Dataset content:
########################################

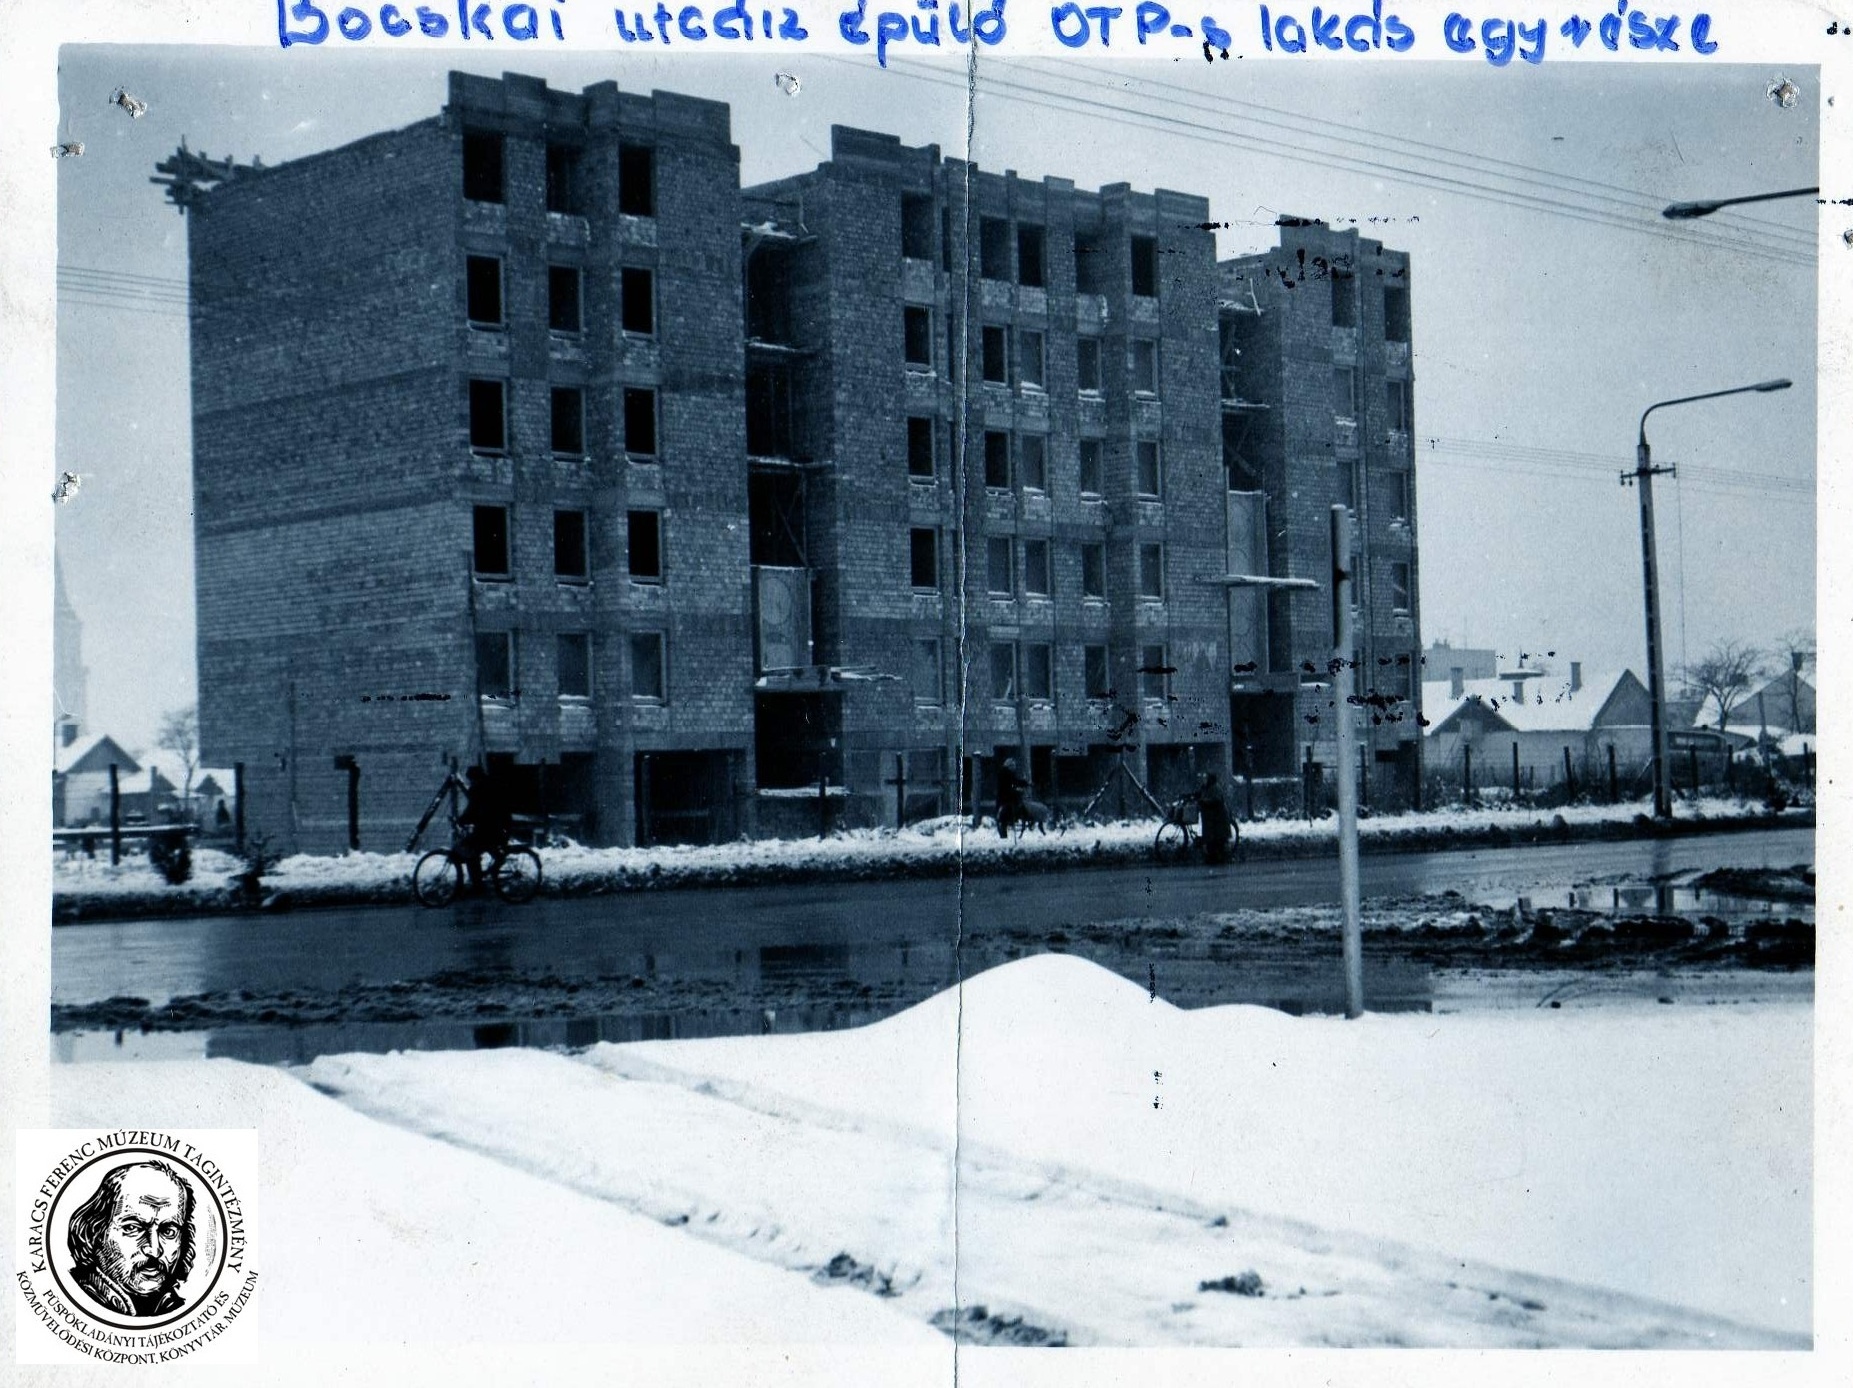 A Bocskai utcán épülő OTP-s lakás építése (Karacs Ferenc Múzeum, Püspökladány CC BY-NC-SA)
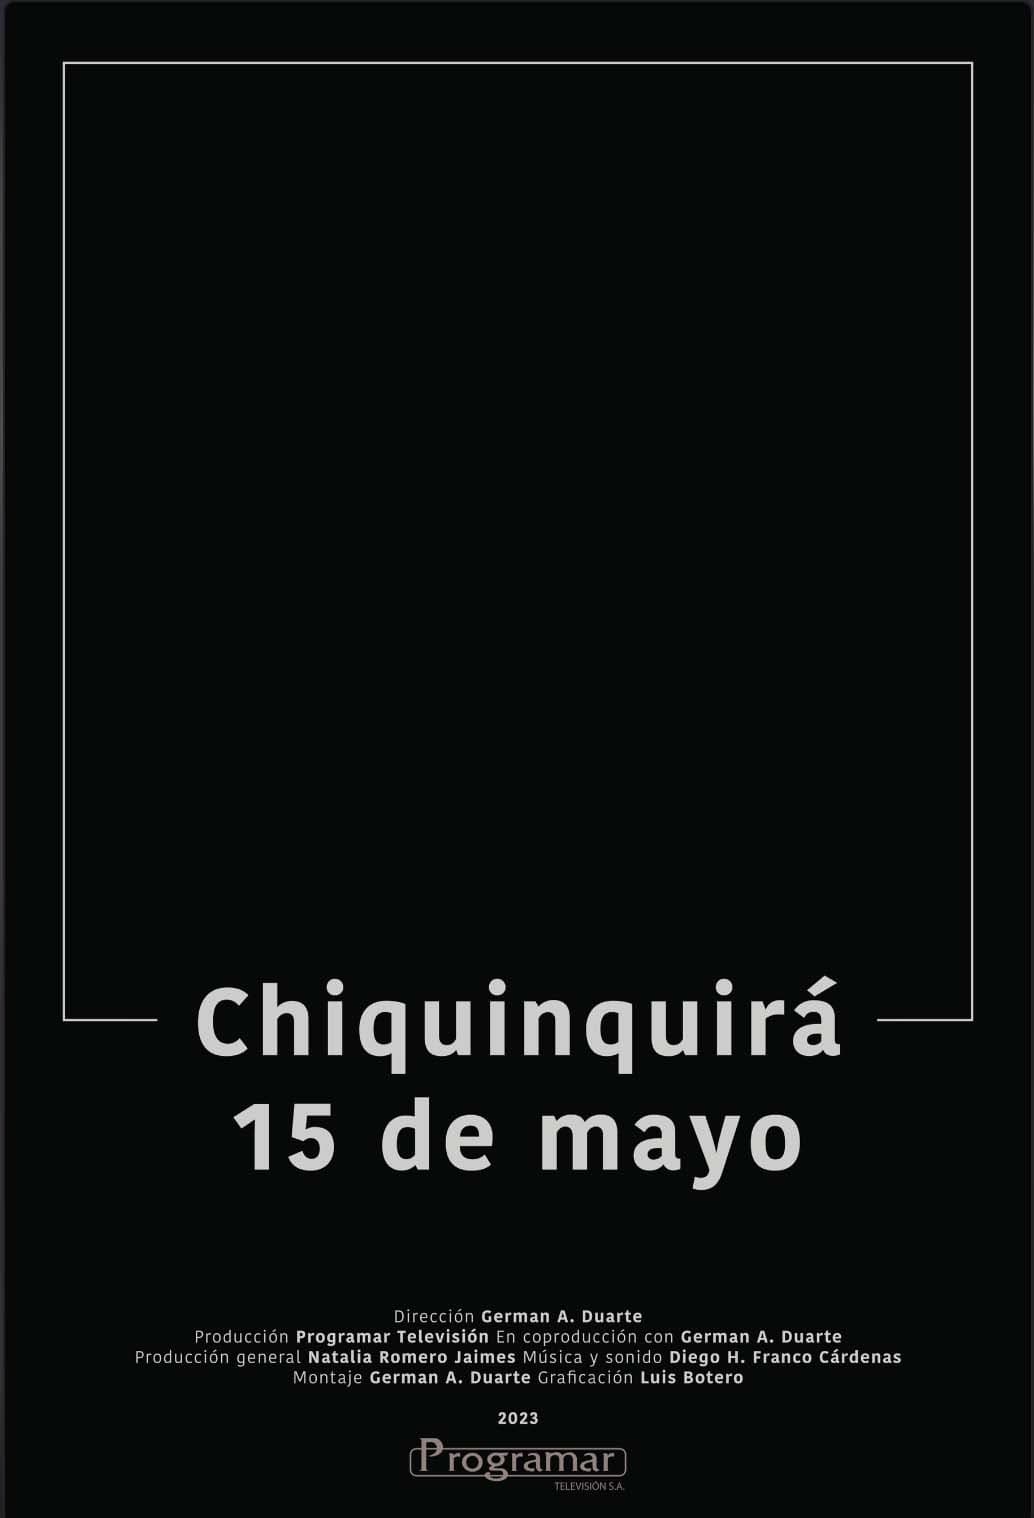 Chiquinquirá, May 15th
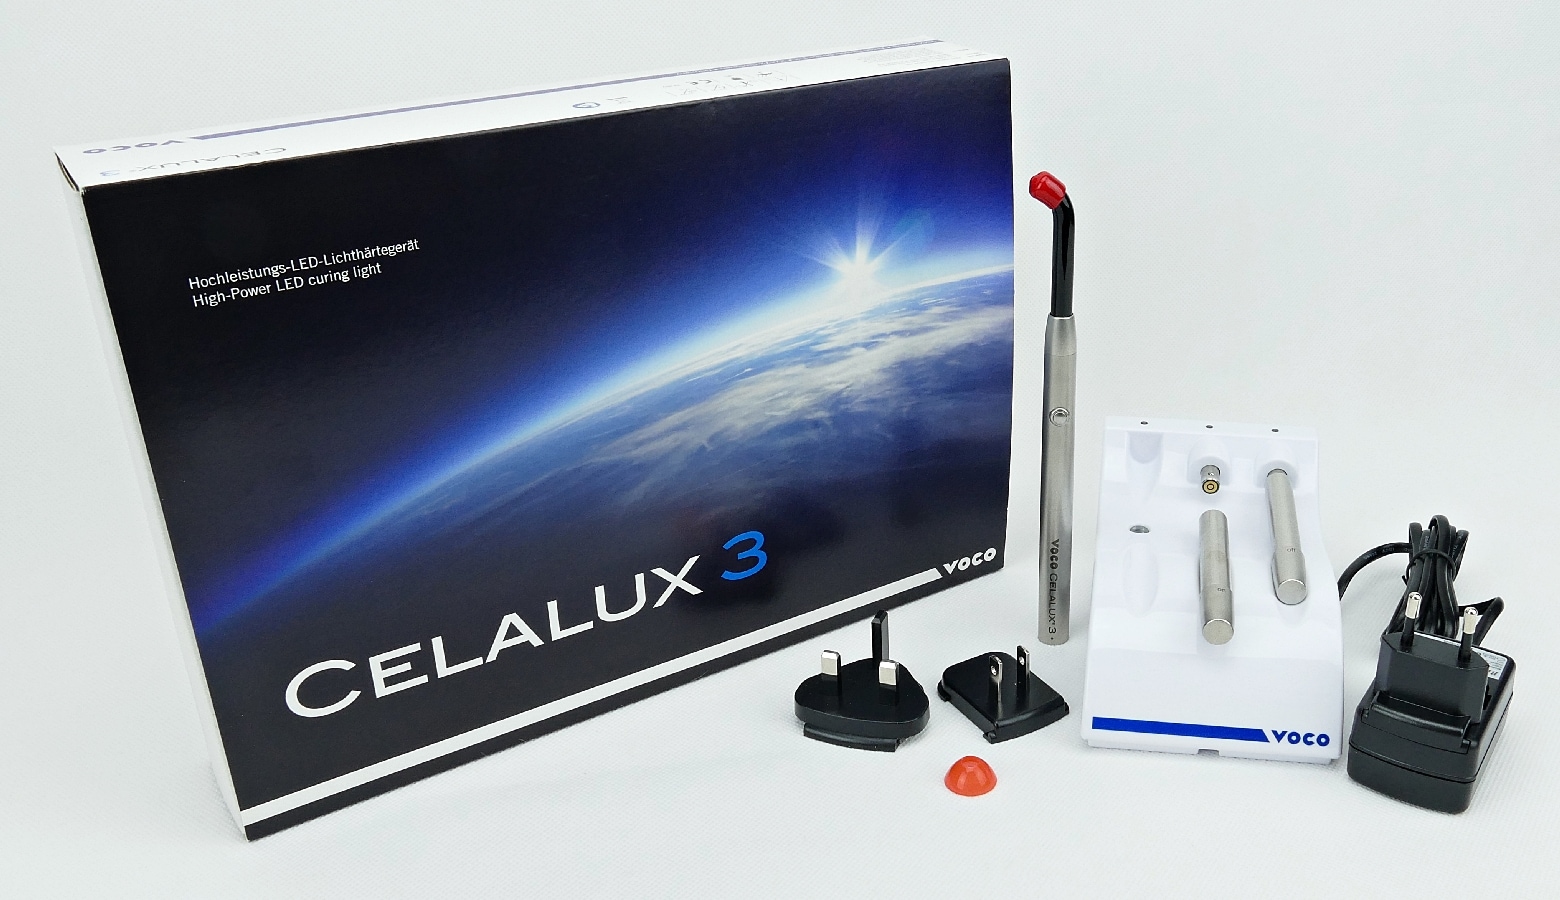 Celalux 3 LED

########################################

Task requirements: Print the listing verbatim; no pictures.

Reply:
 A Bocskai utcán épülő OTP-s lakás építése (Karacs Ferenc Múzeum, Püspökladány CC BY-NC-SA)
 Chiquinquirá, May 15th
 Celalux 3 LED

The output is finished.